My daughter came in last night, laughing as she related how a little girl that she was babysitting described her inevitable plight. She stated, with a pathetic little sigh, that “with all the cancer and heart disease and diabetes that runs in my family, I’m much more likely to get knocked off by that before I get a chance to get old.” At the age of ten, she has already weighed her mortality in the scales of longevity and determined them to be lacking!
"...we must swim in the waters around us." |
Of course, we all shared in the laughter but I think this is similar to the way we view our life and it’s circumstances. Like we’ve lost the game before we start playing. Like we’ve been "given a time” before the doctor calls. Like we’ve failed before the results are in.
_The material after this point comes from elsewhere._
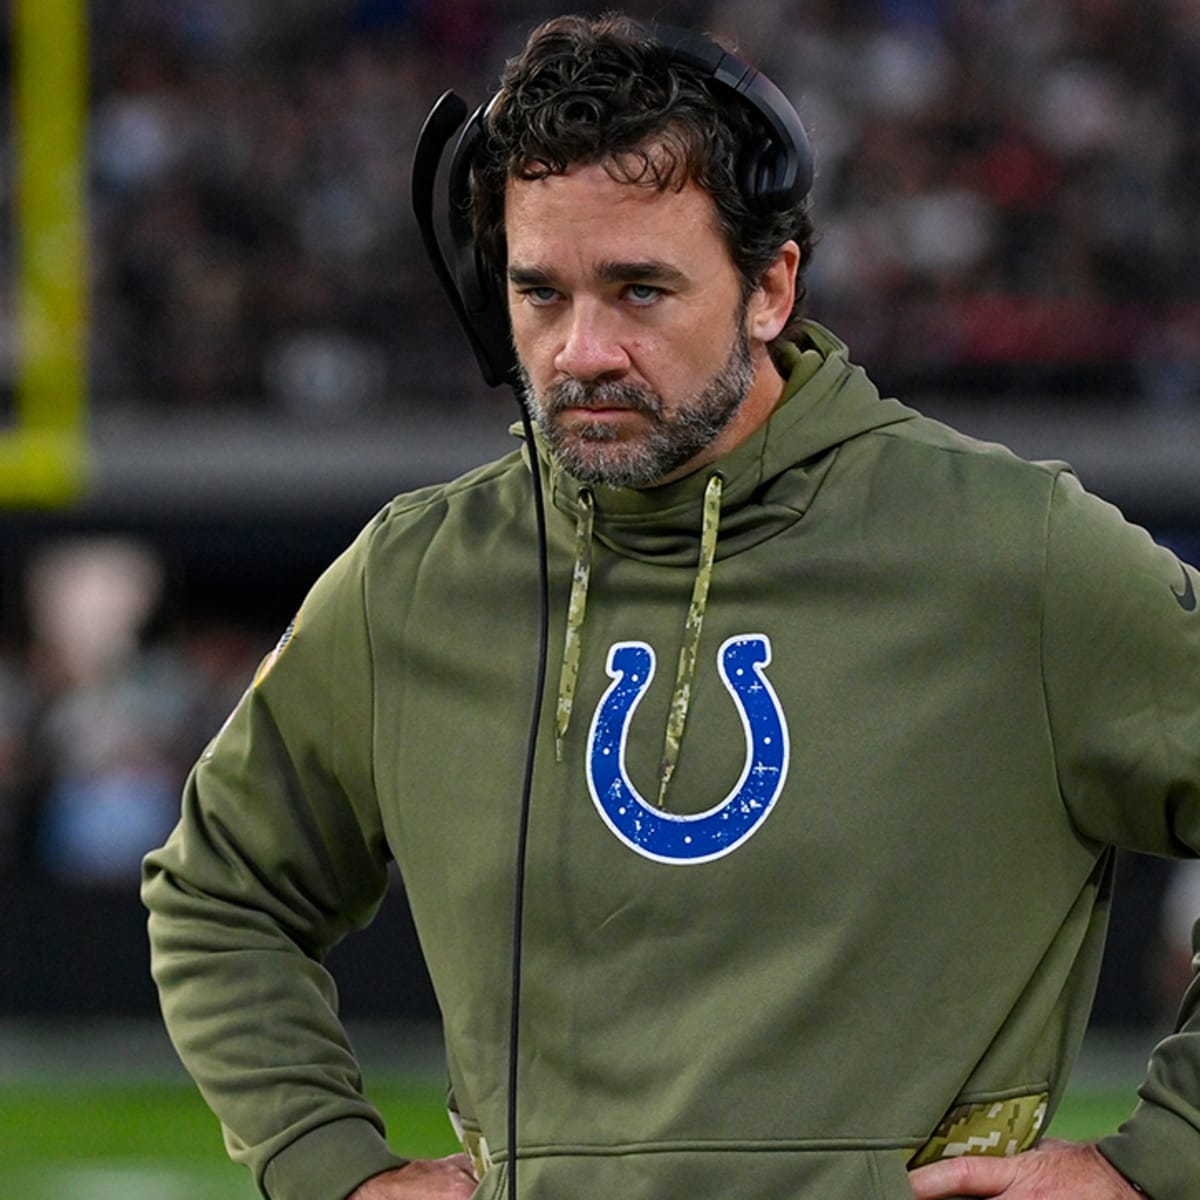 SportsCenter Hosts Awkwardly Report Jeff Saturday Is New Colts

Our typical answer to this is wishing we could live in other circumstances. If we could, we would kick out cancer and heart disease and diabetes. We’d also get rid of the flu and chicken pox and measles. And while we’re at it we’d knock out mortgage payments and hydro bills and marriage problems and job layoffs and church issues and family issues and sibling rivalry and jealousy and…
But, alas, we cannot. As Kevin deYoung, in his book Crazy Busy states, “Everyone has to live somewhere and we must swim in the waters around us.” I can be discouraged with my place, but I don't get to swim in anyone else's waters. I can only swim in the waters that are around me. This is why one of my favorite Scriptures is found in Deuteronomy 33:25, “Thy shoes shall be iron and brass; and as thy days, so shall thy strength be.”
So... I may not have control over my circumstance, but this I know: The waters around me are no match for the Strength that is IN me.